What is the reason why this can't be done. Where does the problem come in?
port channel is to create a logically larger pipe.

i.e. bind two 100mb or two gige ports between a pair of switches so that you can increase your throughput.

To have a port-channel configuration where there are two ports on switch c, but the it splits off into two single ports connecting to different switches makes no sense. Try it, the port channel won't come up. Spanning tree would probably kill it off if you can configure it at all.

Do you mean setting up trunks to pass all (or most) of your configured vlans?
Avatar of Don Johnston
FWIW, Nortel supports this "feature".

-don
hey donjohnston - i'm just confused as to how that would be different from having two trunks, one going from switch A->B and another from switch A->C. I just don't see where the gain is...

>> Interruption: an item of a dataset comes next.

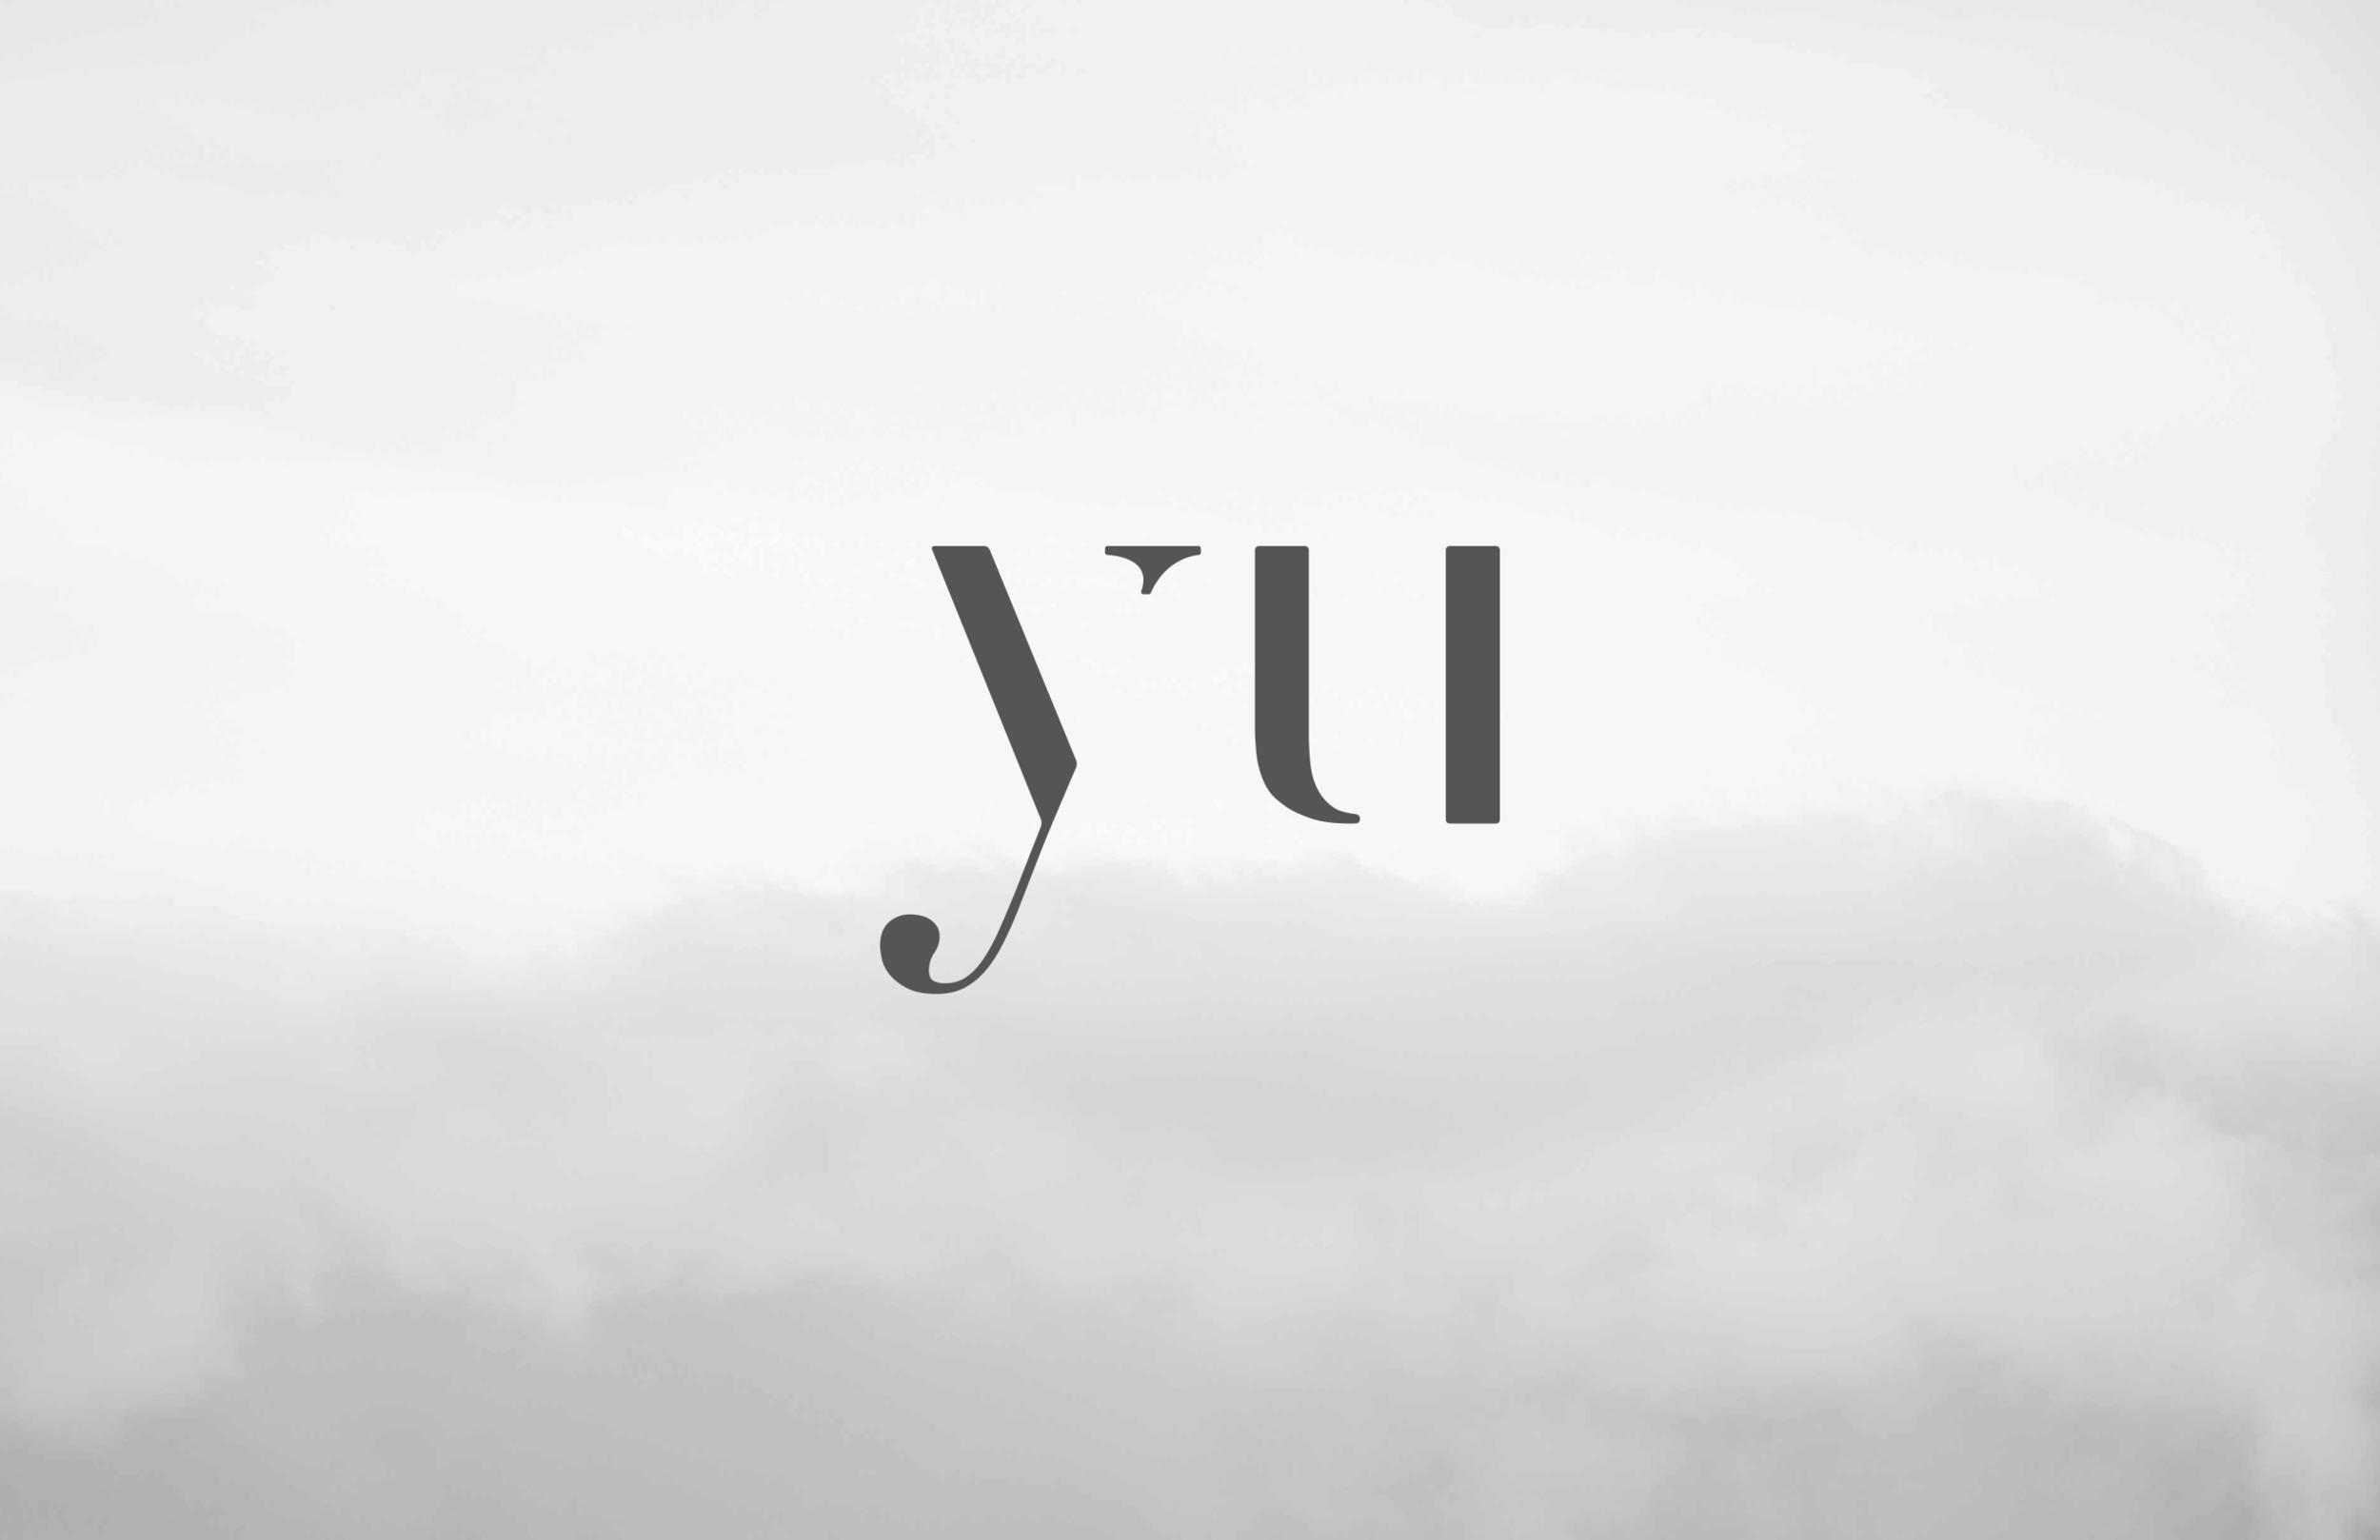 YU-bed-sleep-number-ben-rummel-design.png

Frankly though, I've rarely come across situations where 100mb links come even close to saturation, let alone GigE.

However, GigE portchannels between cisco's do allow for a way to provide some redundancy, in that if one of the channels fails, the other one keeps working.

It's like Multi-chassis, Multi-link PPP. Obviously, B & C have to also be connected to each other for it to work. I've never done it myself. I just heard it's on the list of "neat stuff Nortel switches can do".

I've never been able to figure out an application for it myself.

As for 100mb links being saturated, imagine a switch to switch link with 40 users at 10mb on one switch trying to get across that link. You'd be looking at about 400mb of traffic trying to cross a 100mb link. Of course Gigabit Ehternet fixes that, but what if Gig wasn't an option?

-dj
thanks for the explanation :)

oh, i use etherchannel, both with gig and fastE links, but even the 40 users at 10mb almost *never* decide to transfer large files from the same source at the same time. Just for kicks, find the busiest box (mailserver, webserver, etc...) in your company, and from the Catalyst switch's enable, do a :
switch(enable)#sh top bytes 300

it will give you the top talkers over a 5 minute period. I'd be surprised if you see any port except perhaps the uplink port top 10% utilization of a 100mb port :)

at least that's been my findings....
Etherchannel has to exist on a single switch. It is logically a bundled link. For redundancy, be sure to use desirable on both sides of the channel. Setting either side to 'on' will force the channel to go errdisable if you lose one connection.

If you desire bandwidth, you should etherchannel.
 
If you desire redundancy, you can set links up between your IDF switch and two MDF switches with a link between the MDFs carrying the vlan (either an access link or a trunk to carry more than one IDF) Configure spanning tree with the root at an MDF switch.
Or build two etherchannels; one for each MDF link.